I shared some of my recent life journey several weeks ago. It’s been awhile since I continued. This is part two… Need to catch up? Here’s my original post if you need a refresher.
Me, Myself, and Lies!
Going back to work after my second daughter, Georgie, was born – brought some sense of normalcy to my life – some routine. We had settled into a sort of routine at home, but work required different hours and schedules, so life was uprooted again for a short time as we adjusted again.
Returning to work was welcome for me. But things were very different. A couple of new people – who had been hired right before I had Georgie – had settled in and things had changed in the office. Responsibilities and dynamics were still in flux, so work was not quite the refuge I wanted it to be.
About the same time – I was losing much more sleep from working and as Georgie liked to be up at night – and I knew I was really in the throes of Postpartum Depression. In the meantime, my OB had relocated to another town and I found myself talking to a doctor’s office I’d never dealt with before. I explained my situation and they prescribed a medication which I gladly accepted.
So, I felt incapable of dealing with things at home – I felt abandoned in a sense by my OB whom I adored and who was so wonderful – and I felt very unsteady at my job where things were still settling down and I really didn’t know who I was.
I knew I was a wife. A tired mom. An employee.
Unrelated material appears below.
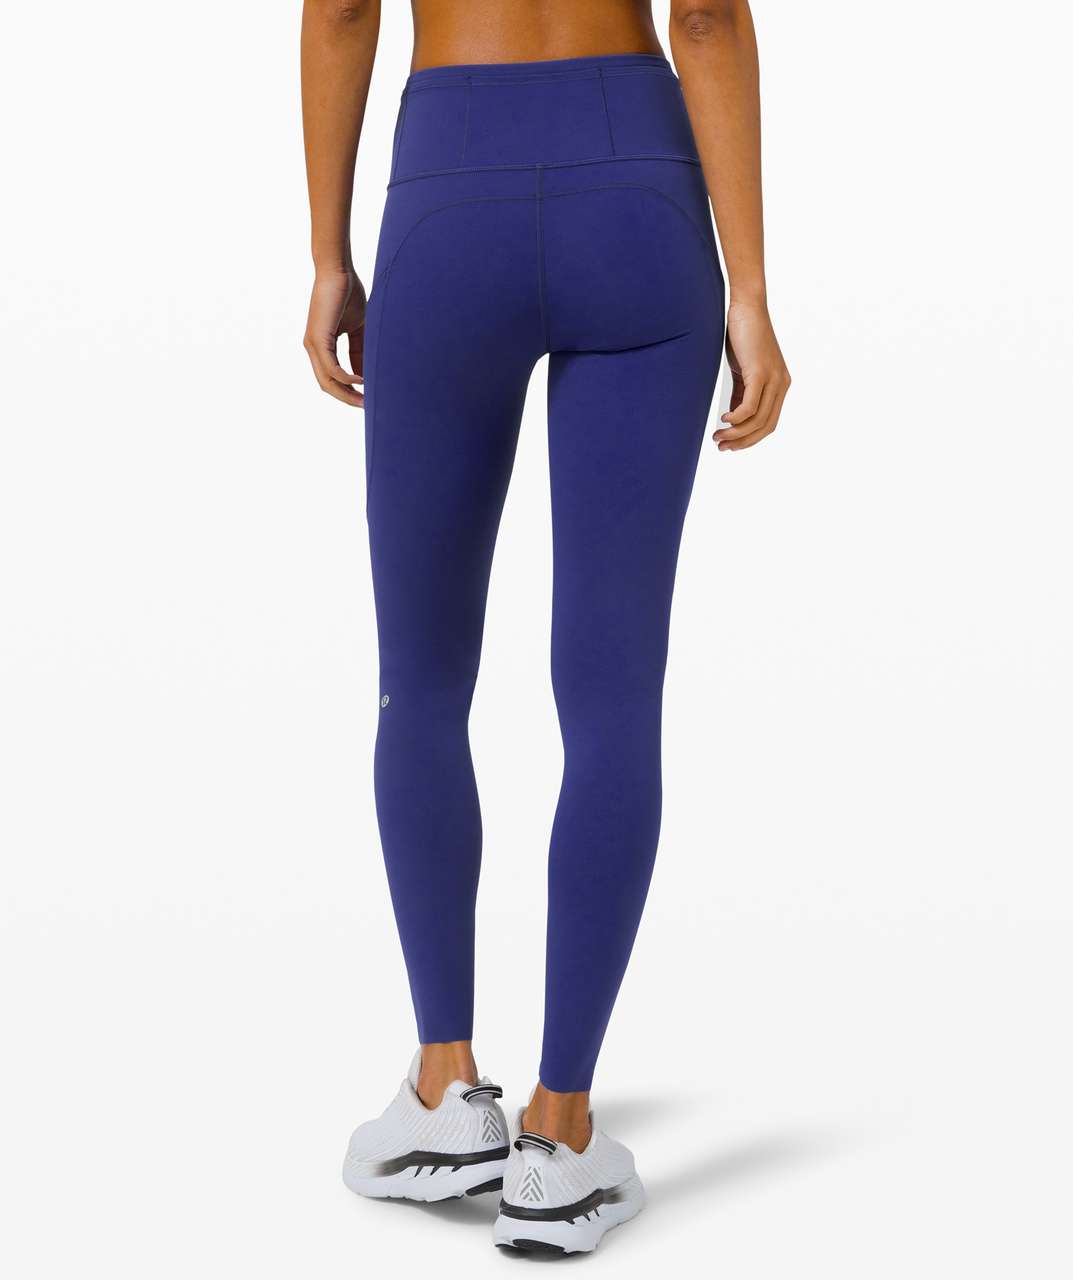 Lululemon Fast and Free Tight 28" *Non-Reflective - Larkspur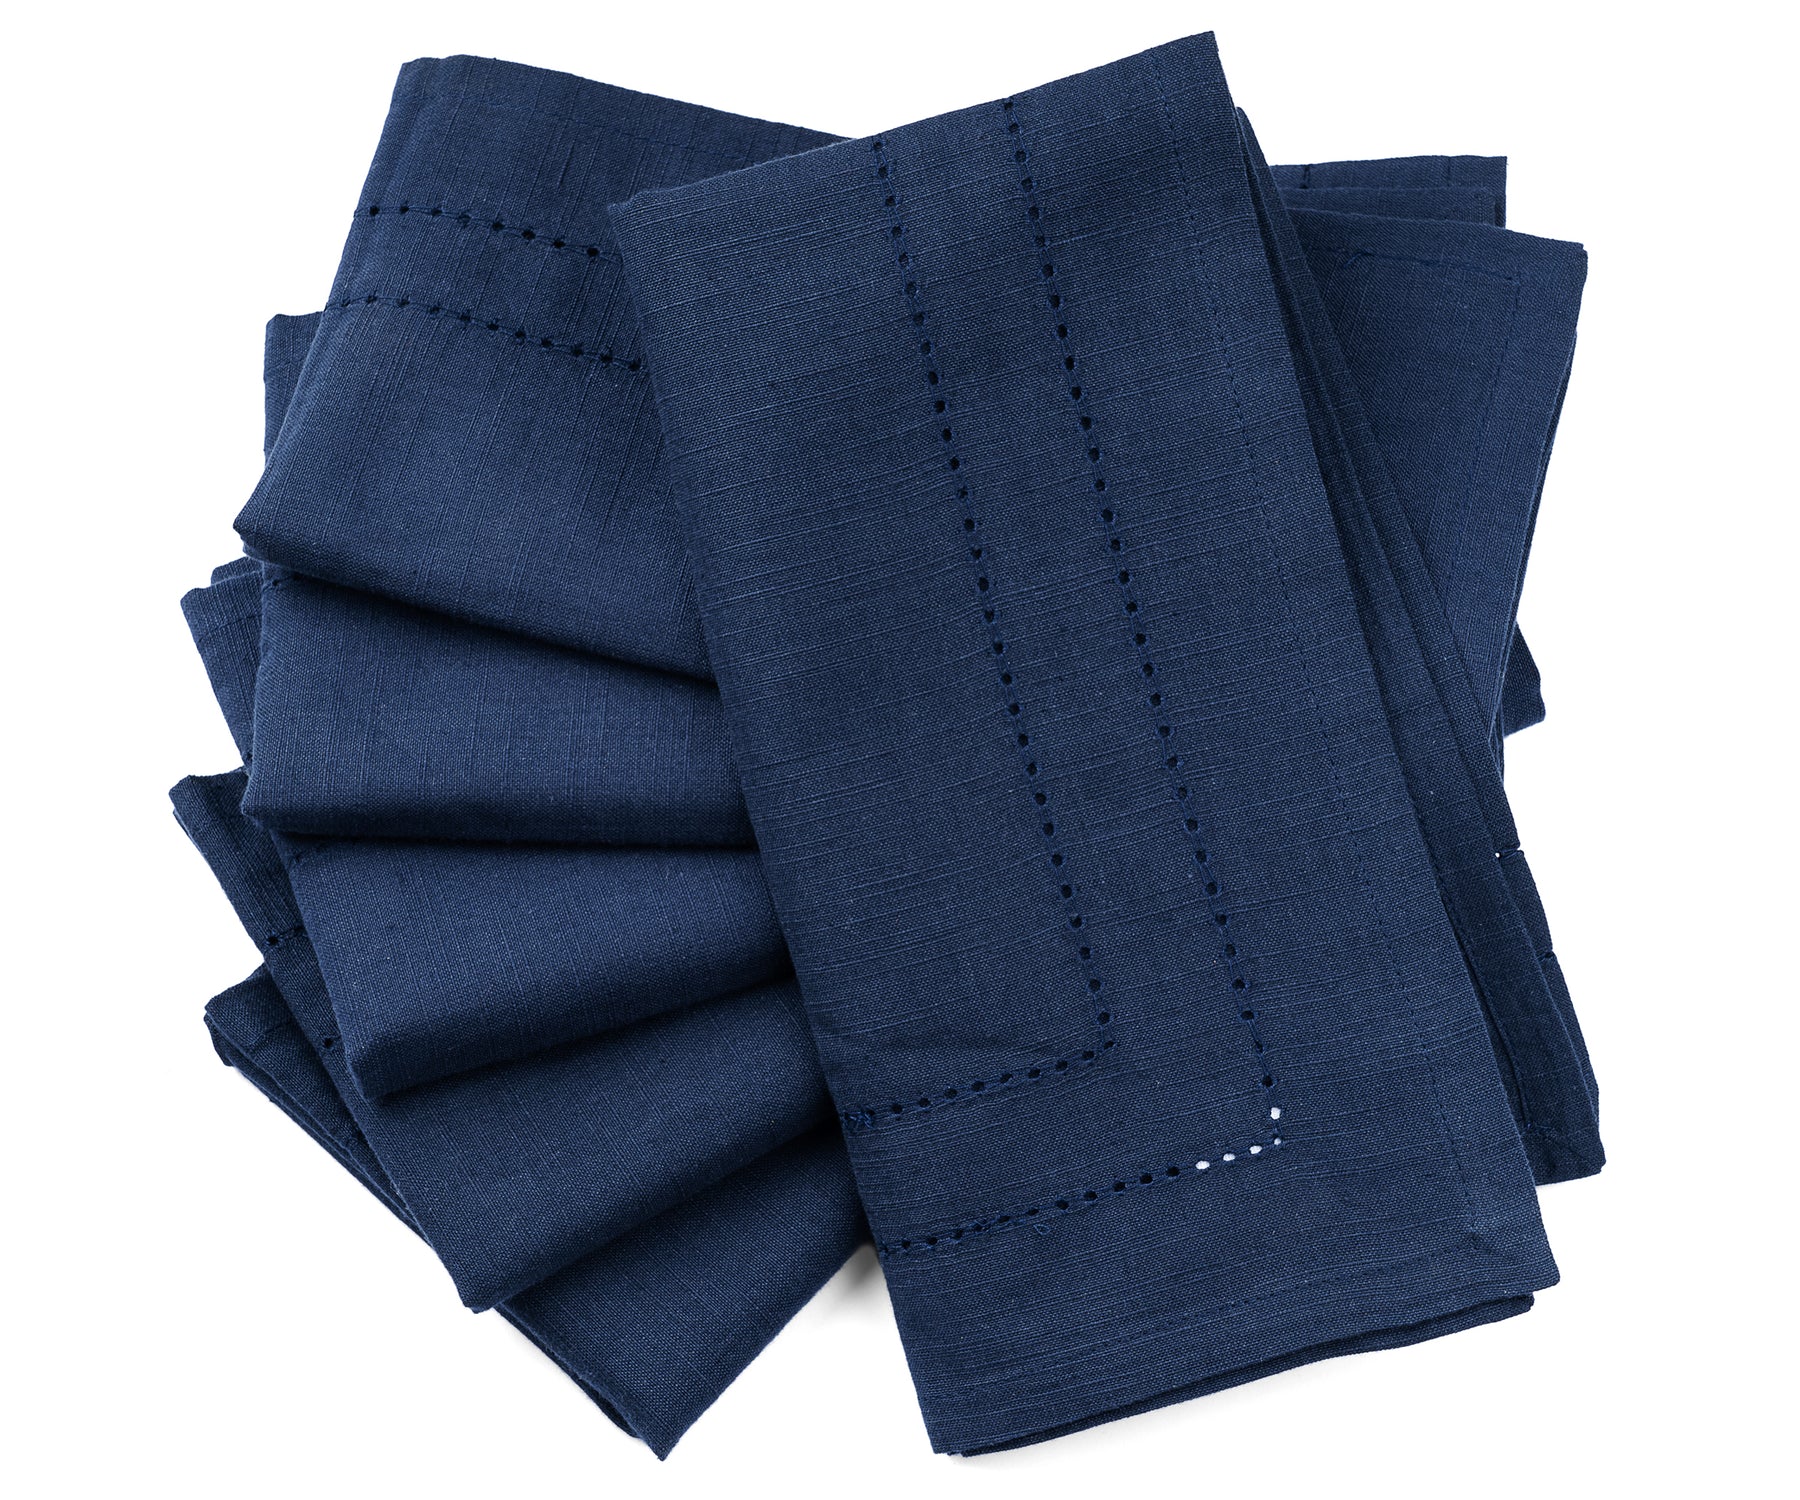 Luxurious navy blue Cloth Dinner Napkins with intricate white stitching, displayed elegantly

My husband was very supportive emotionally and really tried to help me process things. But the chaos of a new baby and an older child who wanted my full attention – as well as my serious lack of sleep – was more than I could deal with. I was unhappy with the house – with the girls – with him – and felt overburdened rather than joyful.
My supervisor, who was incredibly flexible and understanding when I explained my situation to him, was also in the midst of some serious life changes. He really gave me room to come & go as I needed as long as my work was done – and was very supportive.
As I began searching for some solid ground to plant my slippery feet on, I found some relief in the medication I was taking. At the same time, I also really honed in on and held on to some negative statements I was making to myself and hearing in my head – and those are the things that stayed with me long after the medication was gone.
My in-laws – who cared for the girls while I worked – began suffering from serious health issues and other serious dealings with extended family – and it became readily apparent that Roy & I had some decisions to make – and soon.
My job situation quickly changed, too, and I developed a rather sour attitude about most of it. I felt misplaced, I felt taken advantage of – and rather than going to God with it and asking HIM for clarity, I nursed a horrible attitude which – of course – affected my job. My work began to slip – and I didn’t even notice, let alone care.
My dealings with the girls became almost automatic and robotic. Fed! Changed! Bathed! Clothed! But nurtured??? Not really. I did the bare minimum and stuffed my feelings of disconnection even deeper.
When Roy & I knew I could no longer work and leave the girls at my in-laws, I turned in my notice. At that point, my attitude only worsened. Fueled by anger and discontent, I said a lot of terrible things about the people I worked with.
I stirred things up.
I had worked there for almost 4 years – had a good rapport with my coworkers and supervisors – and with other departments. And in a very short time, I pretty well threw it all away.
I was spiraling out of control in so many ways and the only thing that was gonna stop it was God.
I was not thankful for the blessings of my husband or children.
They were burdens to me. All they did was create more work for me. All they did was take, take, take and never gave back.
I was no longer grateful for the blessing that my work had been.
It had allowed me to grow as a person – in relationships with friends – and help provide for my family while it was needed. I basically slapped my supervisors in the face with my negative attitude. And they ended up walking me out the door early. With good reason.
I found myself at home full-time – still nursing a bad attitude from work – and let it flow into my home.
And for months on end – I struggled to appreciate the gifts God blessed me with. I was still angry – and now hurt – and our finances were suffering – and I couldn’t deal with my kids – and I hated being so responsible for the housework…
My father in law required a couple of surgeries and had health issues within a very short period of time.
I did not know the FIRST THING about managing our home full time, let alone being a MOM full-time.
I blamed my circumstances and situations on so many people – because it couldn’t possible be MY fault…
And God, with his everlasting patience, just kept waiting. He was speaking to my heart, but the clamor and chaos of my life drowned Him out. I didn’t want to take stock, hear what He had to say or do the necessary work to change.
And I was desperate for change. Something had to give. Something had to be better. This couldn’t POSSIBLY be the life God dreamed for me. Could it?
I was exhausted. Couldn’t He have someone else do the work???